Szilviahc, Gangxia Urban Village. August 27, 2013, Digital Image. Available from: Transplanet, https://psuchina.wordpress.com/2013/08/27/gangxia-urban-village/ (accessed on December 19, 2015).

Szilviahc, Gangxia Urban Village. August 27, 2013, Digital Image. Available from: Transplanet, https://psuchina.wordpress.com/2013/08/27/gangxia-urban-village/ (accessed on December 19, 2015).

GANGXIA URBAN VILLAGE

Thesis Research Study

Studio_TRD1
Date_fall2015.
Media_illustrator. rhino 5. grasshopper. 

Gangxia Urban Village was chosen as a site study early in my thesis investigation for its sheer density and problematic lack of access to natural light. Though the issue was not addressed in the subsequent Illuminated Veil study, this particular analysis did reveal the shortcomings of the tools that we as architects currently use to understand site conditions, specifically in terms of sunlight exposure. This study begins with the use of an environmental plug-in for Grasshopper, Ladybug, and concludes with a manual analysis of a sampling of the urban fabric, which reveals the shortcomings of an averaged assessment over time for an architect interested in designing to maximise a resident’s engagement with the light that they do, in fact, have access to.

 
Urbanus, Urbanus-gangxia village. July 10, 2012, Digital Image. Available from: Architettura. Ricerca. Citta., http://www.arcduecitta.it/world/2012/07/notes-on-urban-villages-as-a-global-condition/ (accessed on December 19, 2015).

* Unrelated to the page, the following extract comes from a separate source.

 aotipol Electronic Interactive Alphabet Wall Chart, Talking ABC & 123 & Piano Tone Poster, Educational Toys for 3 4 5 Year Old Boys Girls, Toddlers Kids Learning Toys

Urbanus, Urbanus-gangxia village. July 10, 2012, Digital Image. Available from: Architettura. Ricerca. Citta., http://www.arcduecitta.it/world/2012/07/notes-on-urban-villages-as-a-global-condition/ (accessed on December 19, 2015).

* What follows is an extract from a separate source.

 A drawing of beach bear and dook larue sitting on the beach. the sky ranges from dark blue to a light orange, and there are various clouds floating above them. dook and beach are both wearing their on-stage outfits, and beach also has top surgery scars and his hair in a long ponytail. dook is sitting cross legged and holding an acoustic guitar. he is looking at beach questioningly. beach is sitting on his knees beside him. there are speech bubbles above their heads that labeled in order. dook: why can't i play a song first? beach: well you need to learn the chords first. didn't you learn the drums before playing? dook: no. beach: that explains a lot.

Standard Solar Study Diagrams:

These diagrams, including a solid/void and grain analysis, are the products of a conventional approach to assessing light in an urban context. The solid/void and grain diagrams indicate an extremely dense urban fabric with little by way of consistent passages through which light can penetrate the densely packed urban village. The sunlight hours and shadow studies completed using Ladybug, an environmental plug-in for Grasshopper, show that the cumulative quantity of sunlight hours is very low throughout the village. However, this information references the analysis of a very broad sampling of time, and doesn’t inform the architect of the movement of light throughout the fabric over the course of the day. This is the issue that the second series of diagrams seeks to address.

Temporal Study Diagrams:

The following drawings address the issue of a too-distant view of light’s presence throughout the urban fabric by taking a sample of nine buildings from the surrounding village and manually cutting the forms along the boundary between light and shadow. Because this assessment is done geometrically, the forms can then be unrolled and analysed, as opposed to simply viewed and rotated as a whole within the modelling application (Rhino). Through this painstaking process, it is possible to begin to understand how quickly and in what manner the boundary between light and shadow changes throughout the day. The final panel showcases two drawings: the drawing on the right recreates the cumulative SunlightHours diagram by using additive layers of opacity; the drawing on the left, however, uses a thickening line to show the movement of the boundary between lit and shadowed surface over the course of the day. The progressive movement of the line toward an edge before it slips around it and illuminates or shadows the entire surface presents an alternate point of view regarding the temporal presence of light in the area over the course of a day. Though the more conventional drawing clearly exposes the rather bleak truth regarding the number of sun hours received by the building surfaces as an average over a longer period, the second drawing more effectively allows the viewer to find and understand light as an agent that slips and slides over and between buildings, sometimes arresting entire facades and other times only obliquely catching edges.